- **DATA FOR PROCESSING**:
>>>
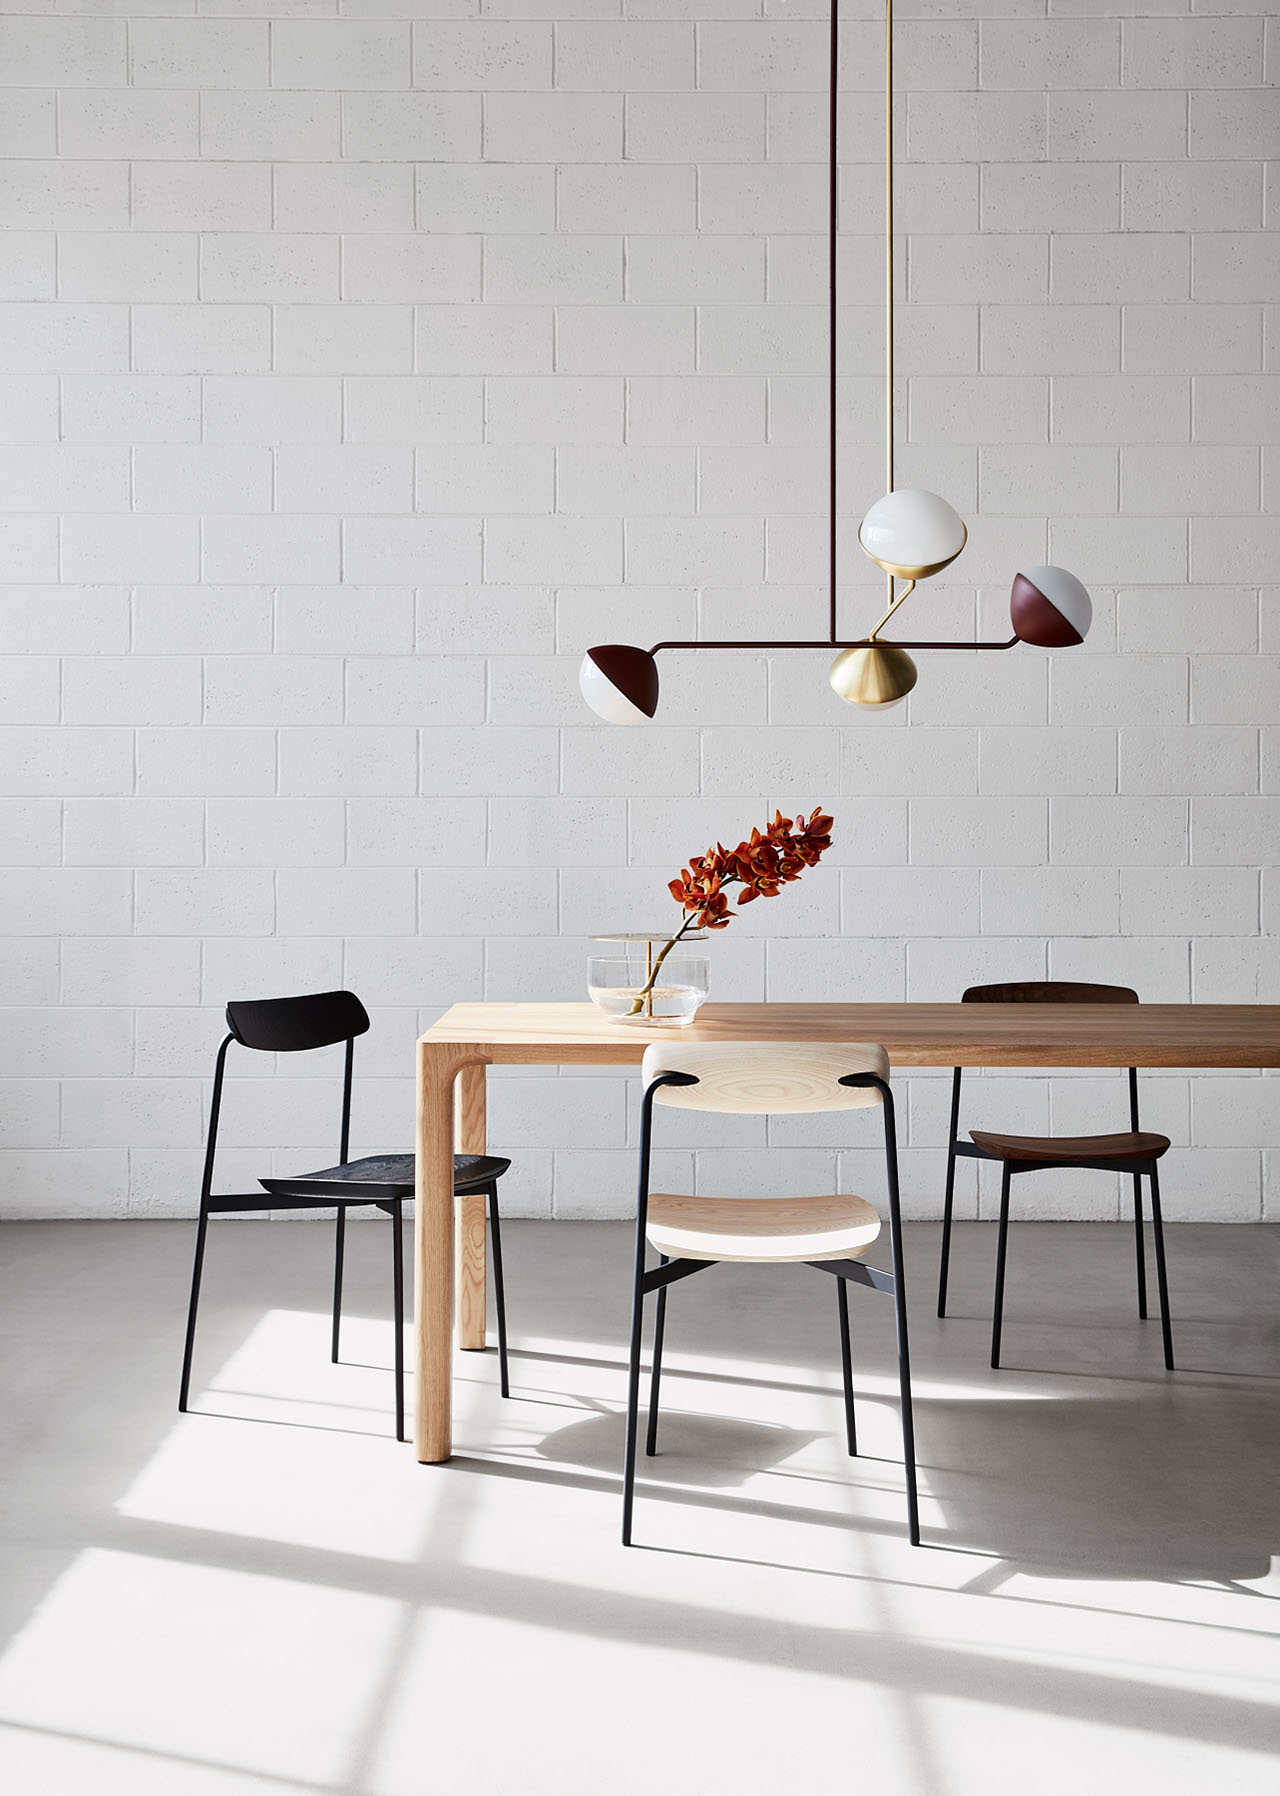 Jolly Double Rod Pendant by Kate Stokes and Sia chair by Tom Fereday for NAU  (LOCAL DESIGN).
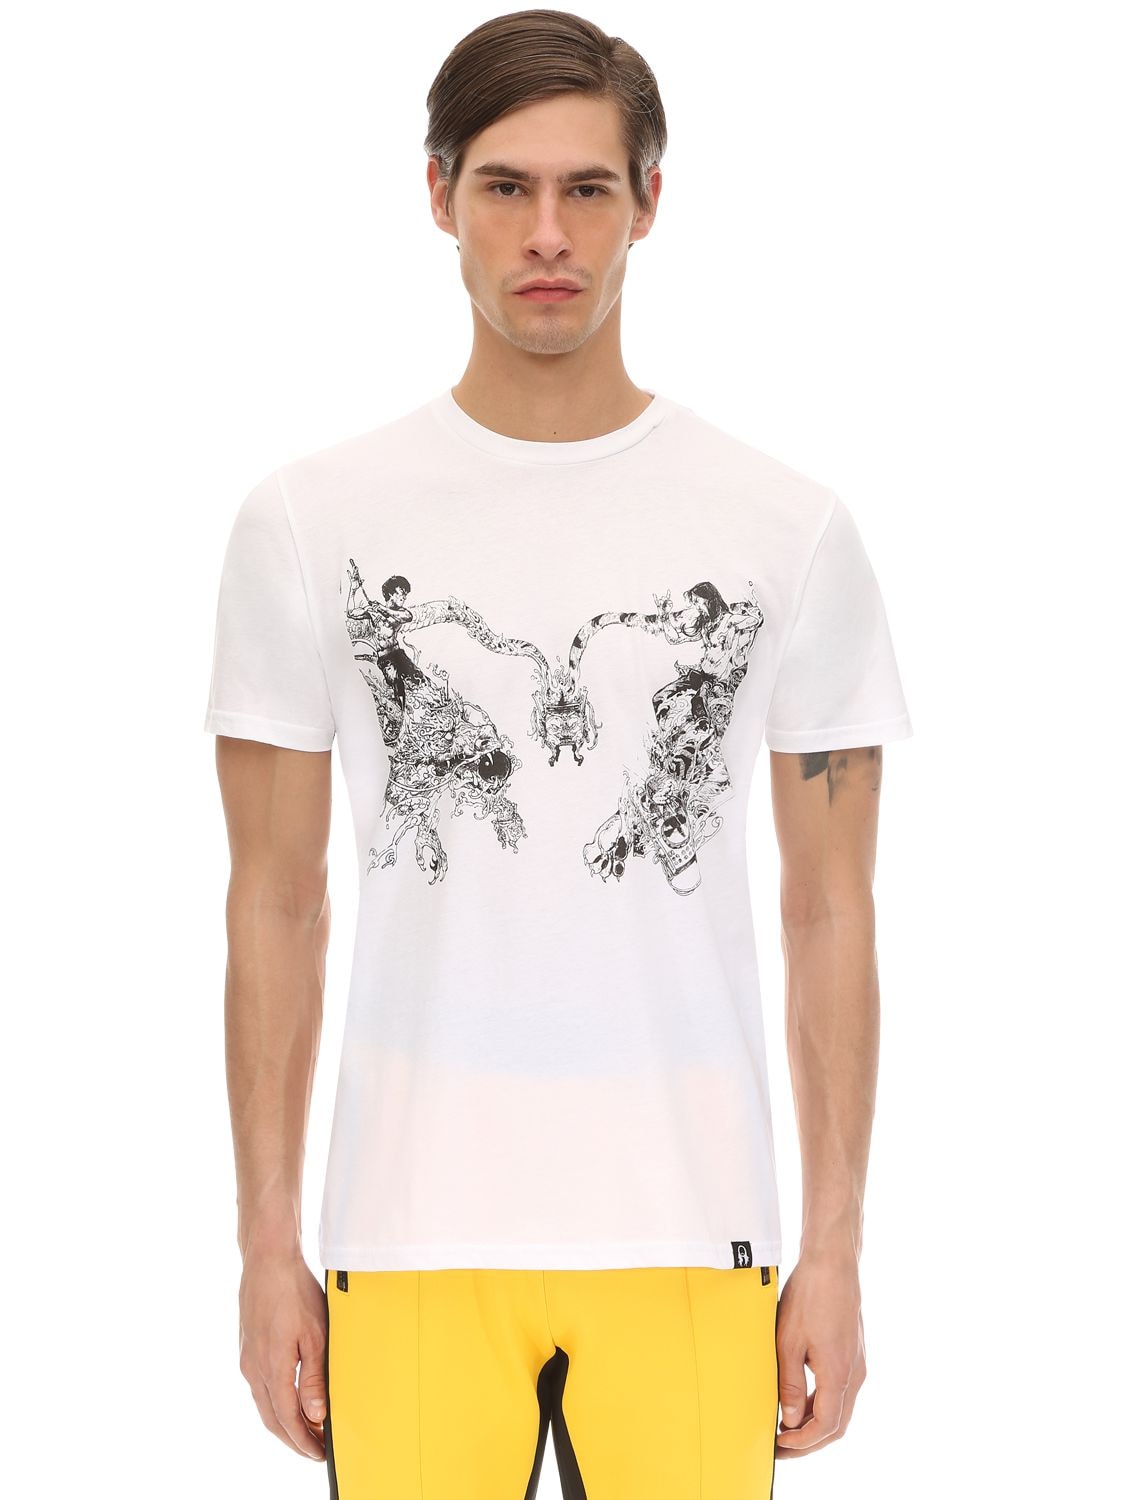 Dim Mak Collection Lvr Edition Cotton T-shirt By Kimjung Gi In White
<<<
>>>
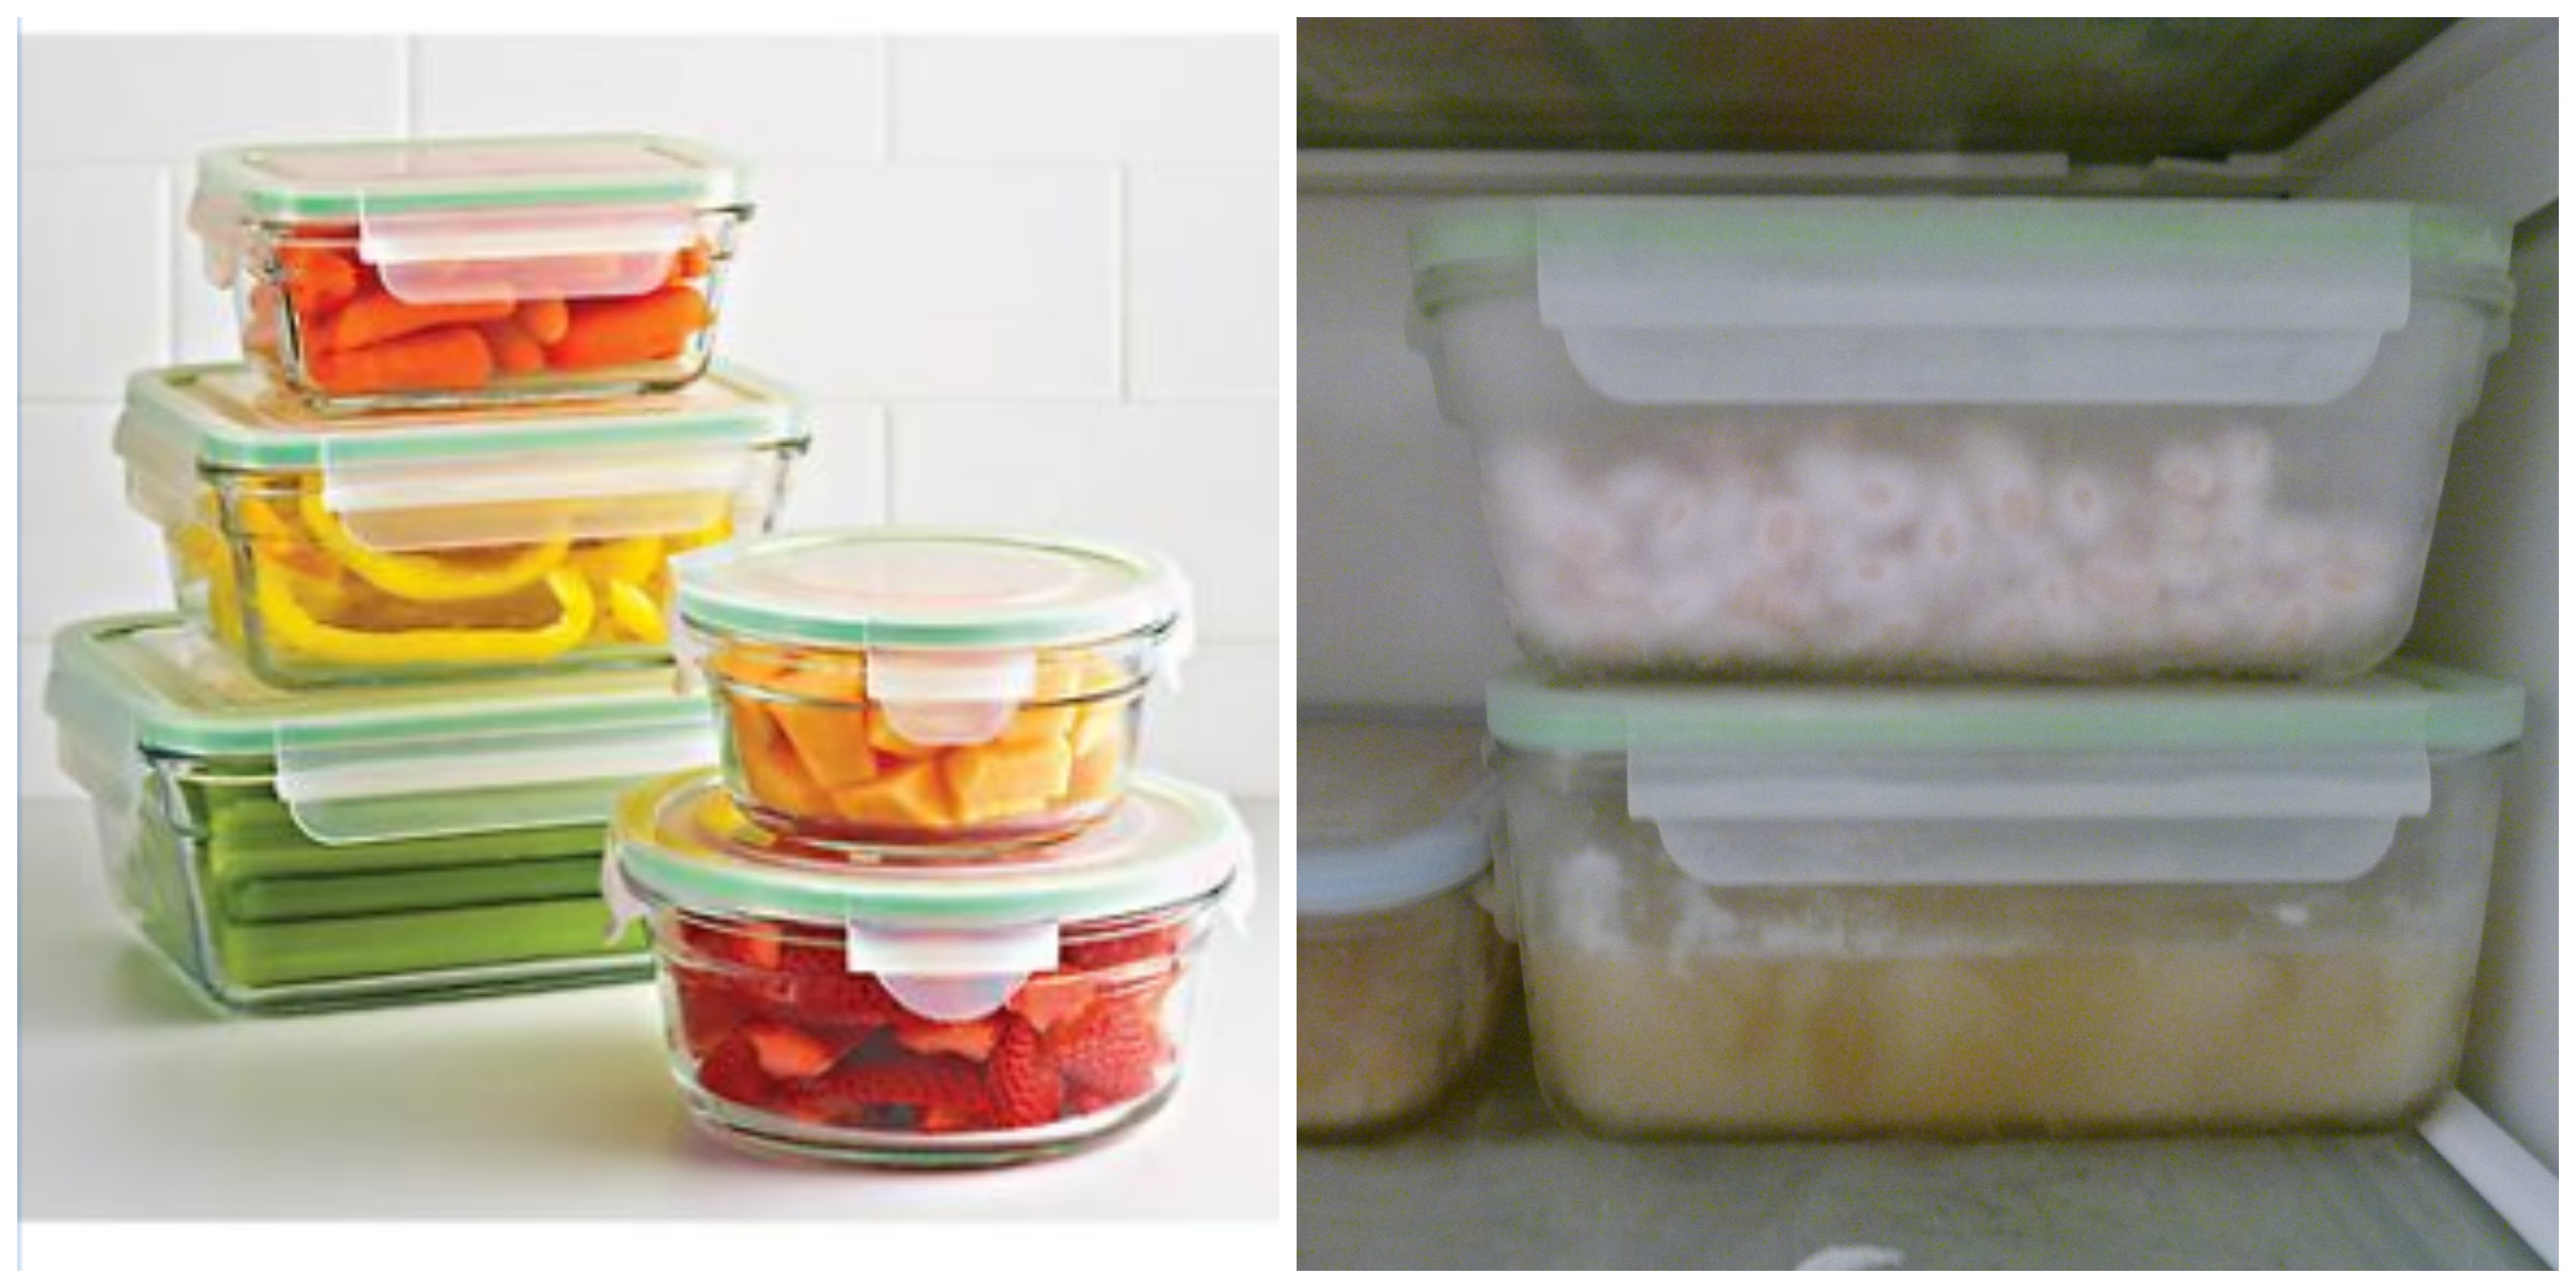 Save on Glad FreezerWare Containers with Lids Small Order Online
<<<
>>>
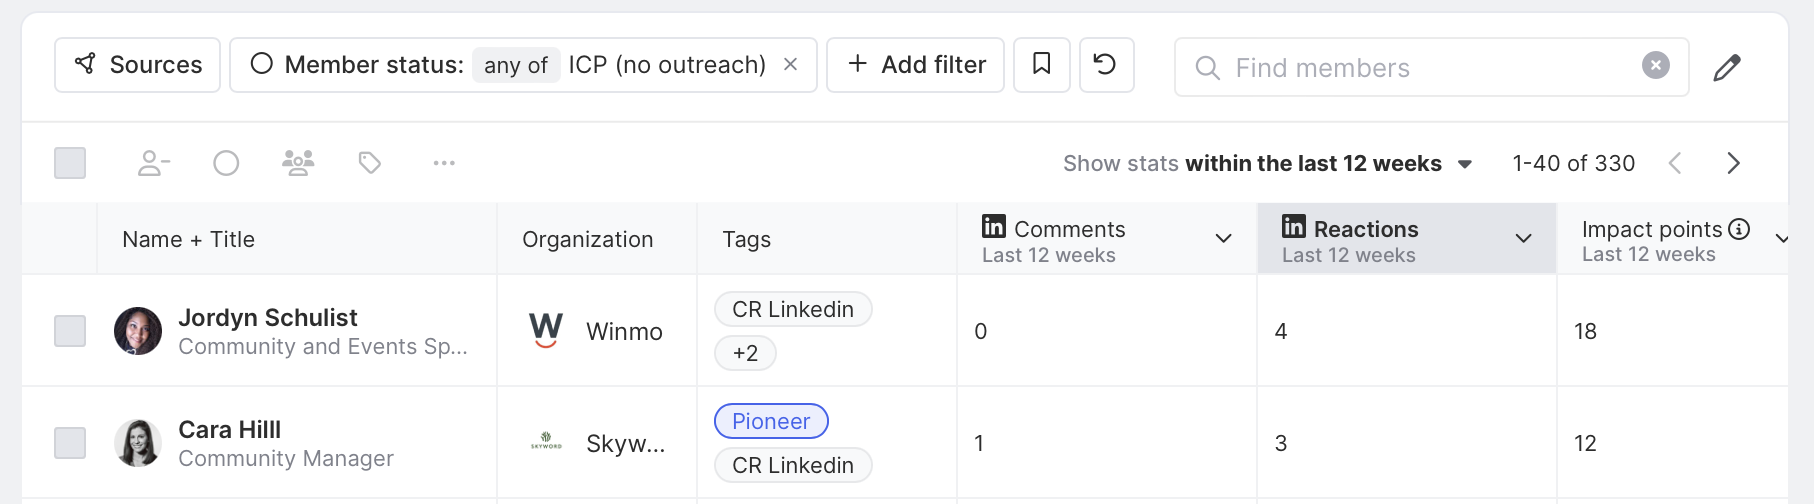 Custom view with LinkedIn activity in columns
<<<
- **TO DO**:
Copy nothing but the lines above that run from the one with "Jolly Double Rod" to the one with "Dim Mak Collection", ends included; pictures stay out.

- **TASK RESULT**:
 Jolly Double Rod Pendant by Kate Stokes and Sia chair by Tom Fereday for NAU  (LOCAL DESIGN).
 Dim Mak Collection Lvr Edition Cotton T-shirt By Kimjung Gi In White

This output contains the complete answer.